I thought maybe it was possible to have an operator indicate that it was already flushed immediately and then never get evaluated. This is not the case. Plus a few other minor comment improvements. Signed-off-by: Ben Pfaff <blp@feldera.com>

As far as I can tell, `eval` and `eval_owned` were the same except for a clone() call, so this simplifies things. Signed-off-by: Ben Pfaff <blp@feldera.com>

This will enable adding a field that can't be cloned, in an upcoming commit. Signed-off-by: Ben Pfaff <blp@feldera.com>

Before commit e60a8a3 ("[dbsp] Use new protocol for exchanging data among hosts."), each remote exchange RPC waited for the data to be picked up out of its mailboxes before returning. That commit changed that, since now sending data doesn't wait for a reply from the remote host (there is in fact no reply). In fact, it didn't do anything to prevent such races. This fixes the problem. Instead of introducing a wait on the RPC sender side, it introduces it on the receiver side. The receiver waits for the mailboxes it is writing to be empty before writing to them. I noticed that we have a 2-d array of notifiers for this purpose but we were going to wait on all of the notifiers in the column for a given sender in sequence. It is more efficient in time and space to simply have one per sender instead, so I made that change. At the same time, I noticed that Broadcast could simply use that same Notify instead of adding its own via registering a callback, so I made that simplification too. sender_notifies is now redundant with sender_callbacks, but it would involve changing a lot of code to switch from one to the other, so this commit does not make that change. Signed-off-by: Ben Pfaff <blp@feldera.com>

Signed-off-by: Ben Pfaff <blp@feldera.com>

In practice these were always supplied as Runtime::worker_index() and it didn't make sense to supply any other value. Signed-off-by: Ben Pfaff <blp@feldera.com>

Until now, the code for exchange has always bound its own socket to listen for incoming connections. This works fine in what is our common case, where the listening socket is a well-known port in a container that doesn't have anything else running. But for tests, or for situations where the host running the pipeline has other software running and doesn't reserve specific ports for the pipeline, it's more reliable to bind all the listening ports (probably letting the kernel choose a port number), then start the pipelines with the port numbers known in advance. This commit allows for that. The initial use case will be unit tests, in upcoming commits. Signed-off-by: Ben Pfaff <blp@feldera.com>

By moving this out of `Exchange` into an argument for try_receive_all(), we move it closer to where it's actually needed, and it's no longer necessary to box it. Signed-off-by: Ben Pfaff <blp@feldera.com>

This separation was painful and I'm glad to get rid of it. Signed-off-by: Ben Pfaff <blp@feldera.com>

The word `Service` wasn't doing anything here. Signed-off-by: Ben Pfaff <blp@feldera.com>

mythical-fred

Draft-level comment: this is getting hard to reason about as one unit because the core semantic change (streaming exchange / shard-accumulate) is mixed with a long tail of preparatory cleanups, instrumentation tweaks, and exchange refactors. Before this is ready, I would strongly consider splitting it into a stack: prep refactors/tests first, then the streaming-exchange semantic change, then shard-accumulate on top. That keeps the design review focused on the actual behavioral change instead of making the reviewer re-prove every cleanup commit at the same time.

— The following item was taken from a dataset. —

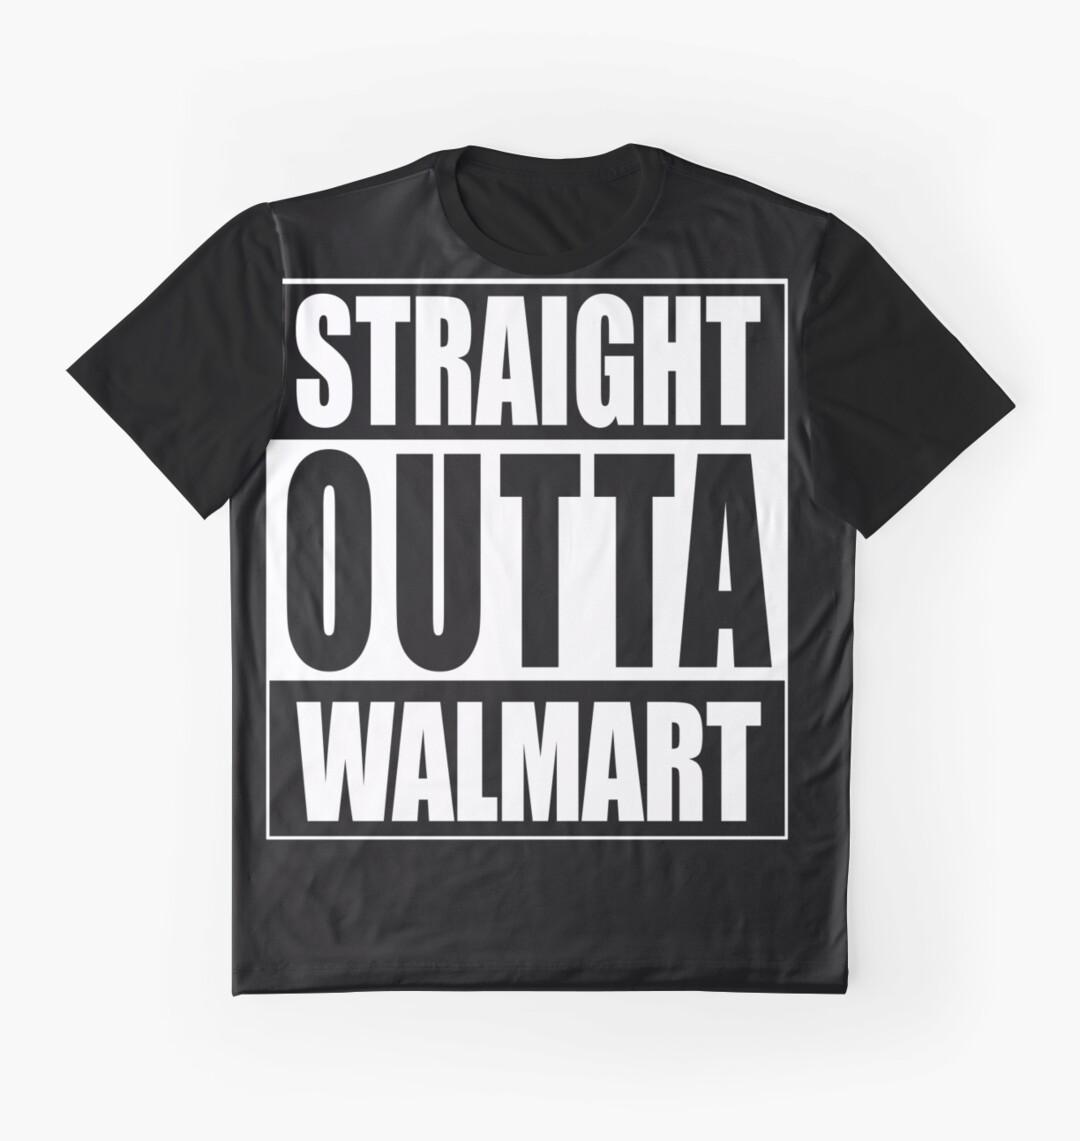 Black t shirt at walmart - Straight Outta Walmart Graphic T Shirts

blp · 2026-04-09T23:11:01Z

Draft-level comment: this is getting hard to reason about as one unit because the core semantic change (streaming exchange / shard-accumulate) is mixed with a long tail of preparatory cleanups, instrumentation tweaks, and exchange refactors. Before this is ready, I would strongly consider splitting it into a stack: prep refactors/tests first, then the streaming-exchange semantic change, then shard-accumulate on top. That keeps the design review focused on the actual behavioral change instead of making the reviewer re-prove every cleanup commit at the same time.

That's how it's already ordered.

Until now, multihost exchange has accumulated the data sent from one host to another until all of it is available, then sent it all together. This means that serialization and deserialization was delayed until all the data was available. This commit changes the code to instead send data as it becomes available. This commit also makes more use of async functions in the exchange code. This also adds unit tests for multihost exchange. Signed-off-by: Ben Pfaff <blp@feldera.com>

Until now, exchange has proceeded in lockstep: every sender sends one item per receiver, then every receiver receives one item per sender. This commit adds an alternative model, called "streaming" exchange. In streaming exchange, senders still send a single item to each receiver per step, but receivers might get multiple items or no items in a given step. This should allow for better performance, especially in multihost environments. Signed-off-by: Ben Pfaff <blp@feldera.com>

Signed-off-by: Leonid Ryzhyk <ryzhyk@gmail.com>

This causes a failure in the `proptest_max_retain_values_test` test that I am trying to track down. (The failure doesn't happen if I change `ExchangeKind::Stream` to `ExchangeKind::Sync` in dyn_shard_accumulate().) Signed-off-by: Ben Pfaff <blp@feldera.com>

The previous commit makes proptest_max_retain_values_test fail. The most obvious reason for that would be if streaming exchange produces the wrong results. However, this commit makes the streaming accumulator do both streaming and synchronous exchange at the same time and then asserts that they produce the same results. The assertion does not fail in this test. This changes uses streaming exchange as the result of the sharded accumulator and synchronous exchange as the expected results. If the two are swapped, by swapping `ExchangeKind::Stream` and `ExchangeKind::Sync` in their locations in dyn_shard_accumulate(), so that synchronous exchange becomes the results and streaming exchange is used as expected, then the test passes. This is even more bizarre. I think that the cause must be related to the details of this particular test. This test sets trace bounds using `accumulate_integrate_trace_retain_values_top_n`, which internally finds the unsharded version of the stream that it's applied to (with try_unsharded_version()). This low-level mapping has bit me in the past. To me, it suggests that it's important that the batches that the trace bounds see are exactly the ones that pass through the exchange, without the delays that streaming exchange can cause. But that's all the explanation I have.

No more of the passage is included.